Conceivably ISPs could massively increase their core networks to alleviate the flooding, but they don’t have a financial incentive to do so. ISP contracts with their customers are typically based on peak bandwidth, not usage. More usage by end users doesn’t translate into any additional revenue for the ISP. Why then, would they agree to massively spend on infrastructure?

The punchline here is that OTT demand is starting to overwhelm capacity, and there is no financial incentive to grow the capacity – either for the CDN or the ISP. Furthermore, OTT demand is about to absolutely explode, just as the bottlenecks are starting to fill up.

In Qwilt’s view, there is a very straightforward solution to overcoming a bottleneck … avoid it. The only part of the ISPs’ networks that can handle the coming traffic demand is the last mile, so just move the stream creation there, at the ISP network edge.
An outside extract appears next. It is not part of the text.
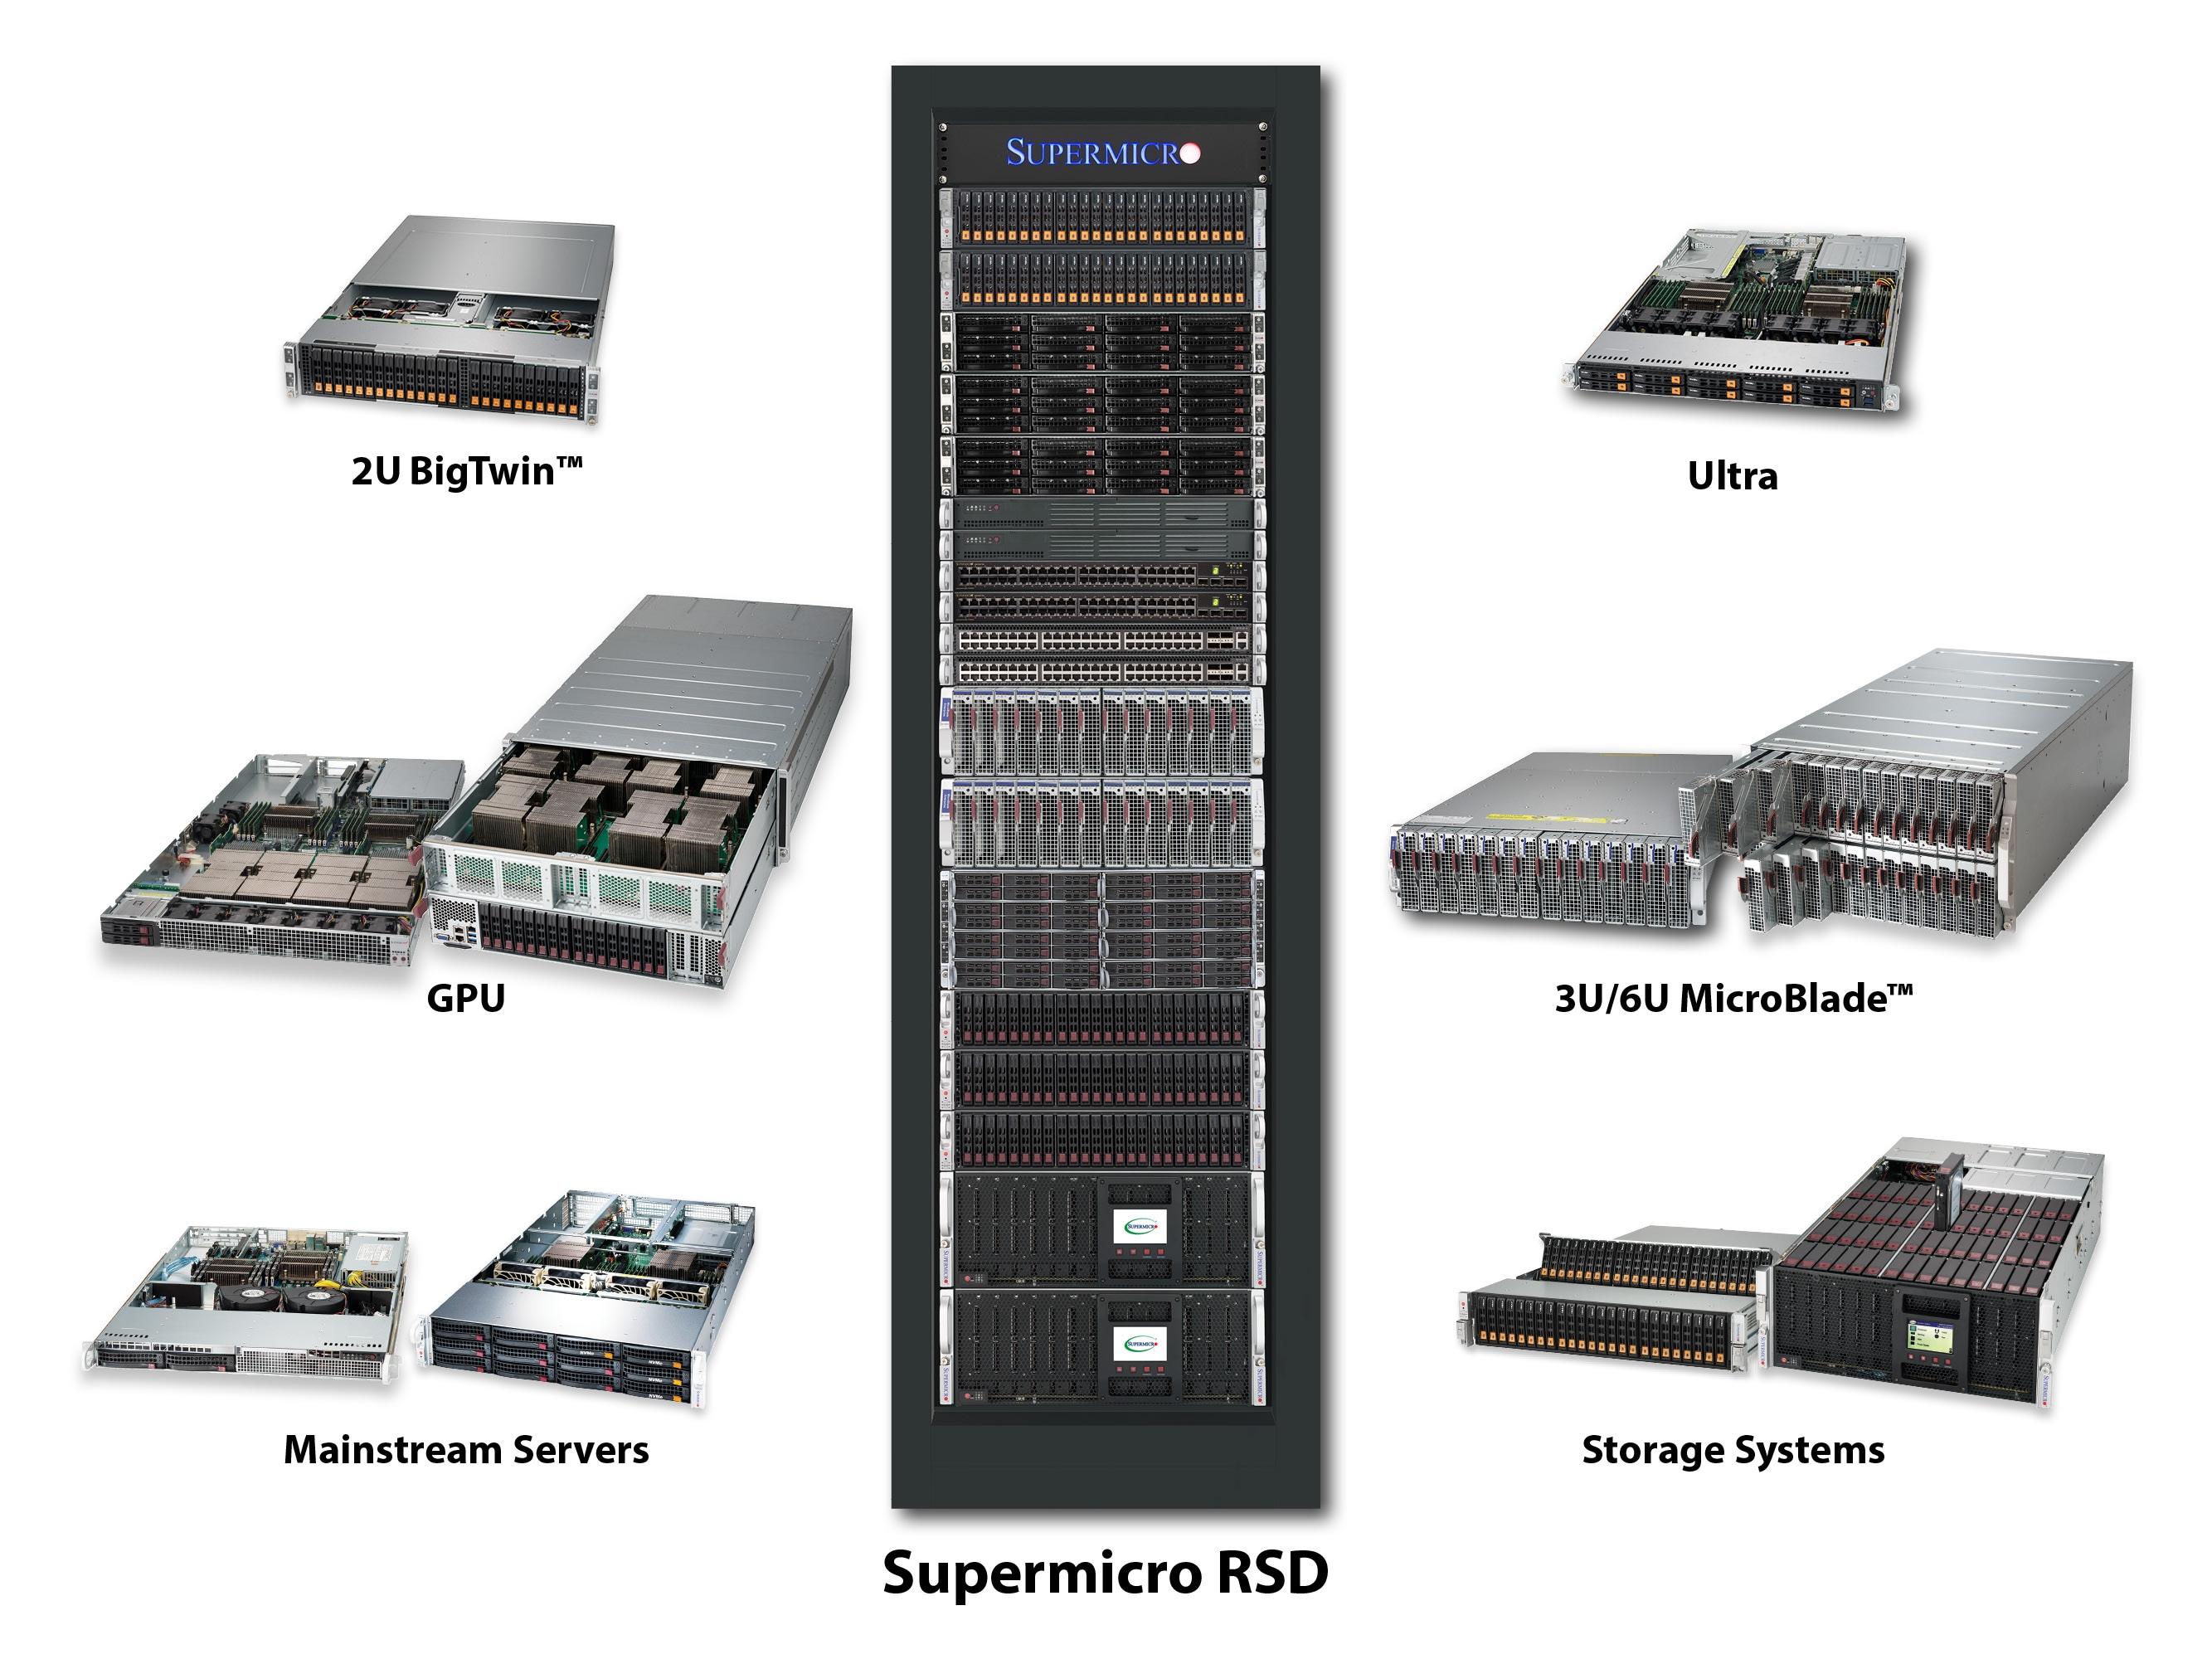 Supermicro | News | Supermicro Exhibits Latest IT Building

All it takes is some edge compute, some storage, some software, and a coordinating entity. You get something that looks and functions like a CDN, but its core elements are owned by ISPs who have the needed financial and operational strength, as well as the incentive to collaborate with content publishers. They also have racks, power, etc. in the optimal locations, and engineers on site to provide support.

This is the thought process underlying Qwilt’s Content Delivery Sharing service. It works a lot like Uber. In this case, local ISPs are the drivers and the requested video streams are the riders. The principles of the sharing economy fit exceedingly well here. Instead of a single entity owning all the infrastructure centrally, it is owned locally, by the ISPs, those providing the actual delivery services to the end users. The ISPs can build edge nodes with off-the-shelf Linux servers and Qwilt software. Then they place the nodes in the last mile. Qwilt works with content providers to get them on board with having their content delivered this new way. Then, when an end user selects a piece of content to watch, their request is automatically directed to their own ISP to find the content nearby. It is fast, low-cost, modern. Best of all, it bypasses the bottlenecks.

Content providers, ISPs, and end users all benefit simultaneously. The content providers get the delivery capacity they need to be successful; the ISPs keep their customers happy without having to massively grow their core; and the end users get tremendous quality-of-service only possible when content is stored right near them. Qwilt is working with some of the largest ISPs and content providers in the world. The underlying technology is referred to as “open caching” and is endorsed by the Streaming Video Alliance, so it is widely accepted. Although they may not initially see it this way, the CDNs actually benefit as well. They get to focus on higher margin services like security without having to massively increase their capacity to satisfy their customers. Content Delivery Sharing is a win for everybody.